Kernel Profiling

System/161 has the ability to collect kernel execution profiles for offline analysis, e.g. with gprof. This is transparent (does not require compiling the kernel with -pg) and independent of the kernel's own execution.

Basic usage

Profiling support is one of the "slow" features available only when running trace161. The -P command-line option enables profile collection; when System/161 shuts down the profile data is written to the file gmon.out. To collect and analyze a basic profile:

	trace161 -P kernel
	gprof kernel | less
This much is sufficient for many purposes.

Profiling control

The trace control device contains two registers that can be used to manipulate the profiler. If your kernel has a driver for this device, it can turn profile collection on and off dynamically and, when desired, clear the accumulating profile data.

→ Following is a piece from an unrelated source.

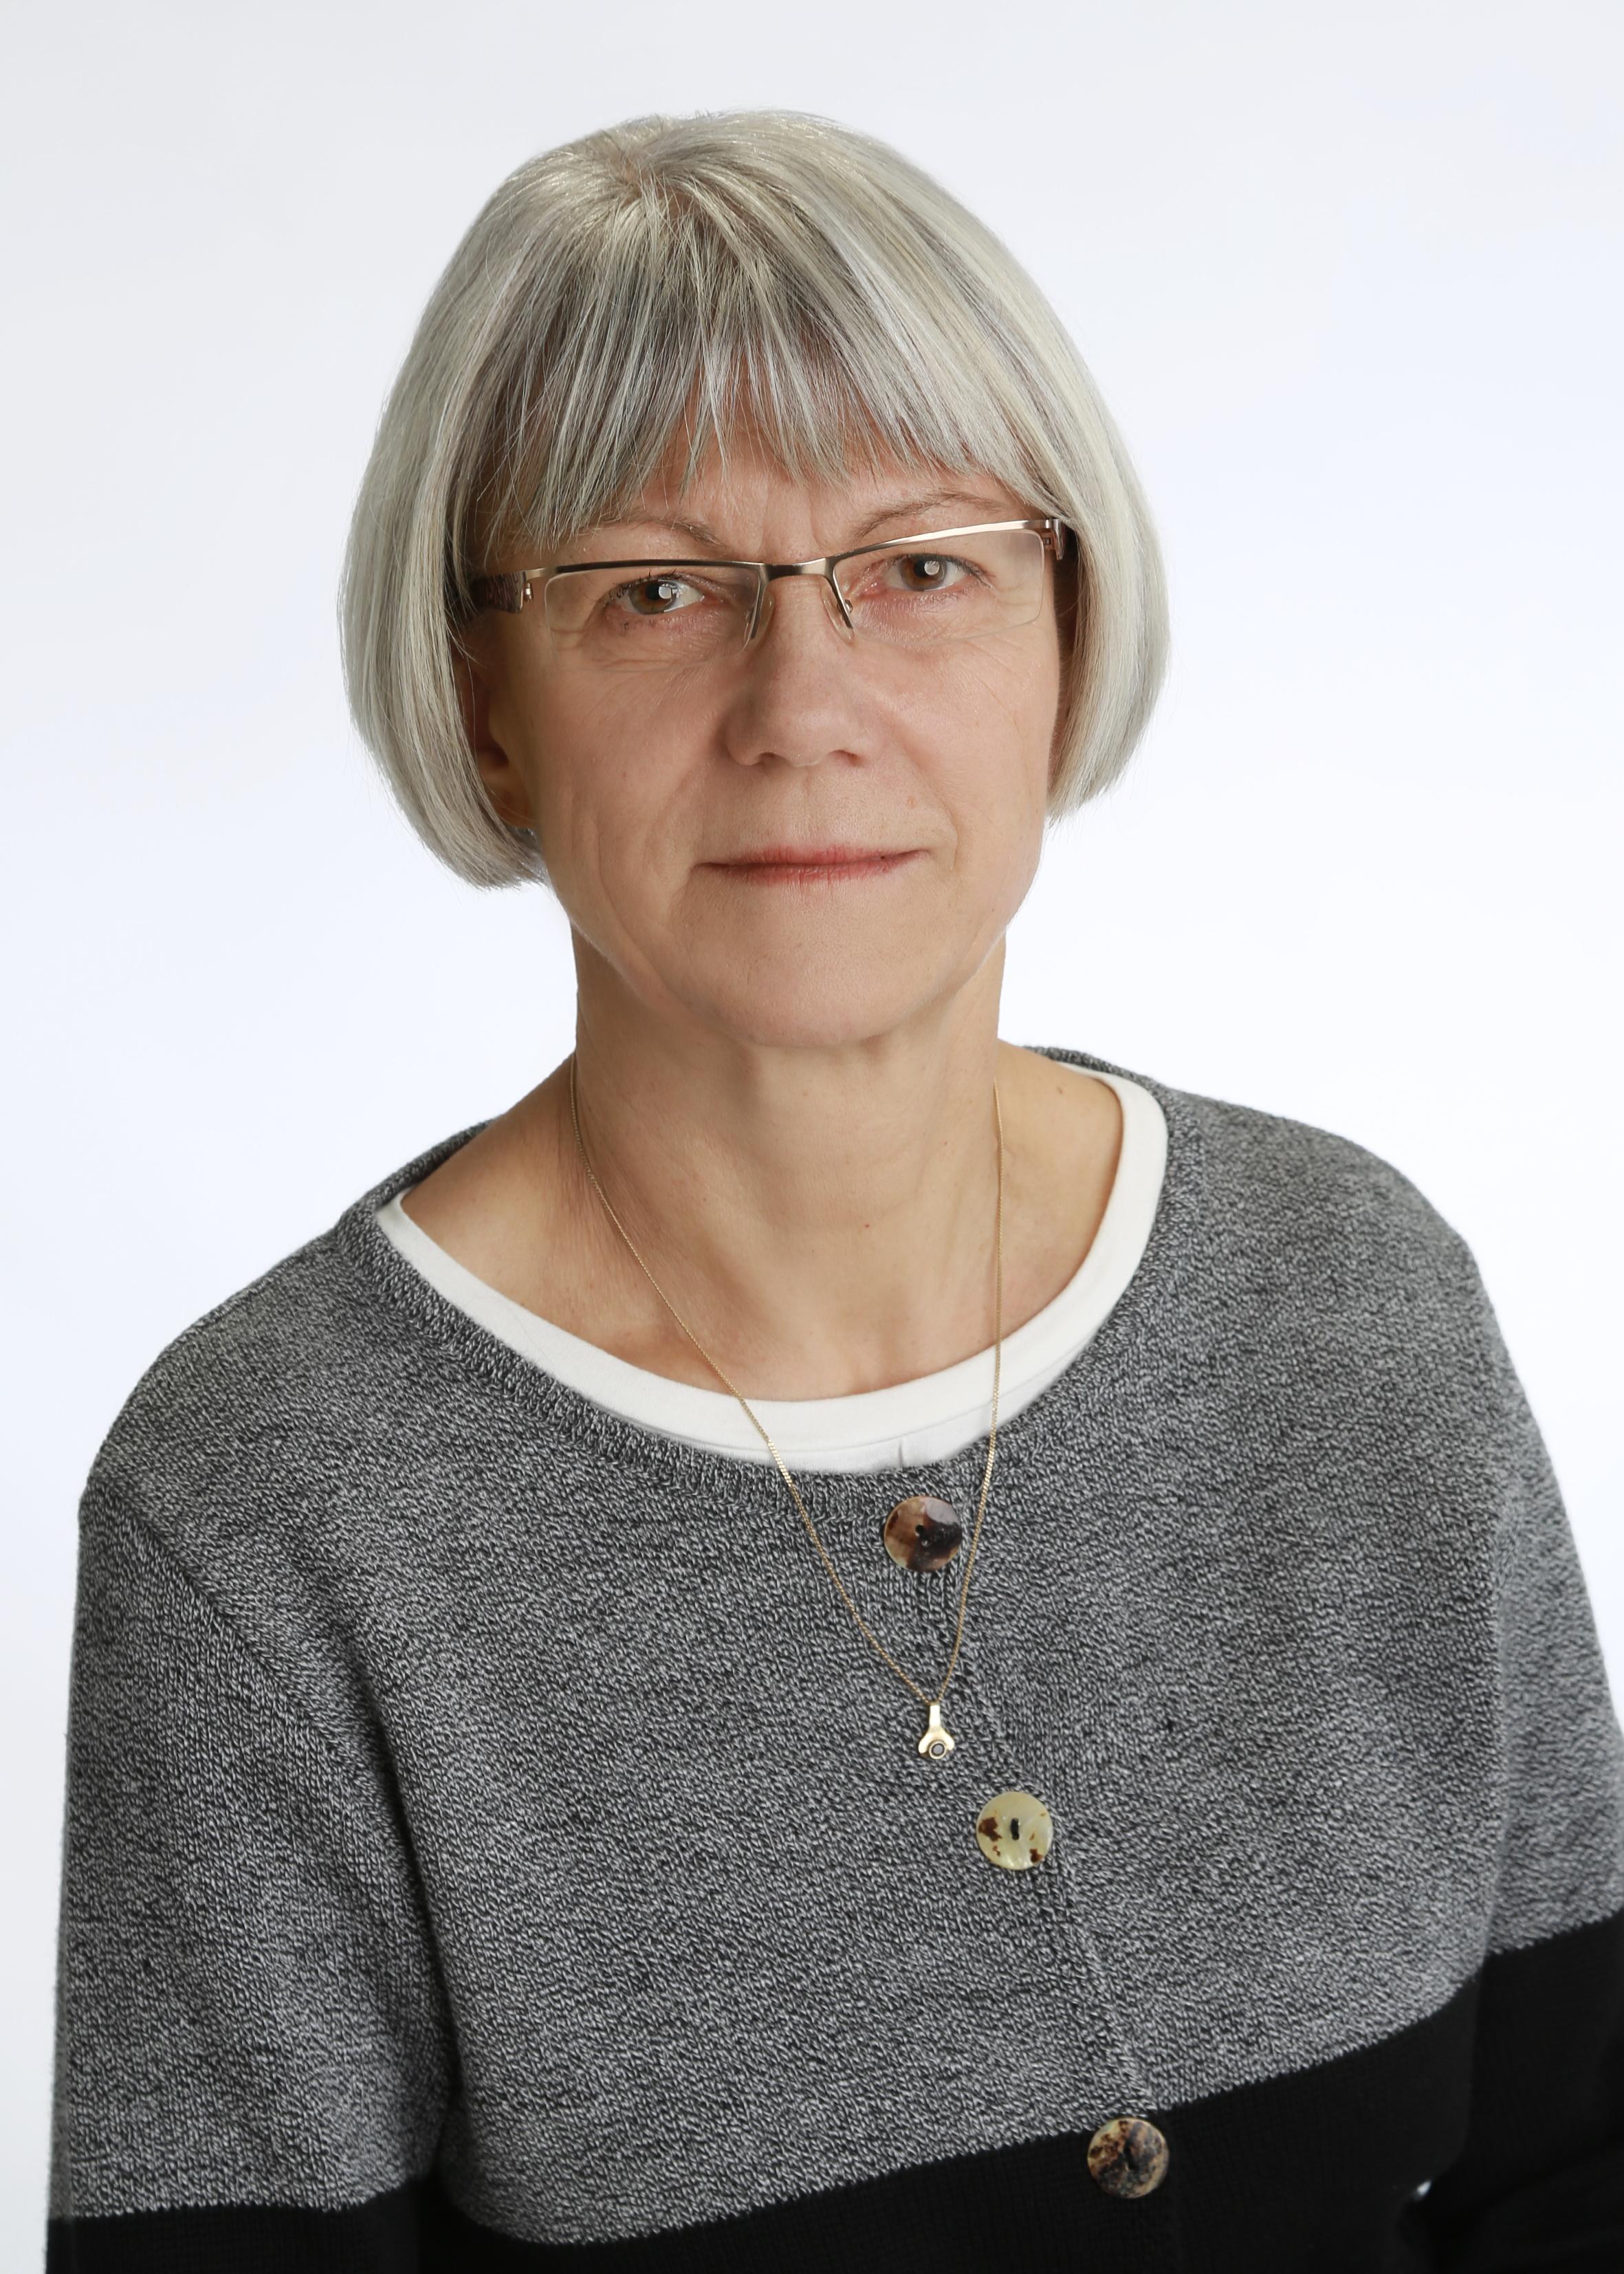 Karin Thiel

This can be used to e.g. exclude bootup activities from a profile, to profile single workloads, or for certain more advanced techniques.

If you have a contended lock, you can get a profile of what happens while that lock is held by enabling profile collection when the lock is acquired and disabling it again when the lock is released. The resulting profile will contain sampling data and call graph data only for code reached while the lock is held; this can often pinpoint problems that are invisible in a full profile.

Similarly, if you find your interrupt response latencies are too high, you can profile what happens with interrupts disabled by turning profile collection on and off in the code that manipulates the interrupt state.

Finally, you can profile the execution of background threads (syncers, pagers, reapers, etc.) by having the thread switch code enable profiling when the target thread is running.

Numerical considerations

The statistical profiler samples at 1000 Hz. (This frequency can be cranked up further if necessary by changing PROFILE_NSECS in speed.h and recompiling System/161.) The sampling bins are 16 bytes wide; on MIPS this is only four instructions. As a result of these considerations the profiling results are considerably more precise than gprof believes by default; it is usually reasonable to increase the number of figures in the gprof output. Unfortunately, only some versions of gprof seem to support this.

Important restriction

Currently the sampling profiler samples only from CPU 0. Code running on other CPUs is not sampled. This bug does not apply to the call graph and call counting data; even so, for best results configure only one CPU when profiling.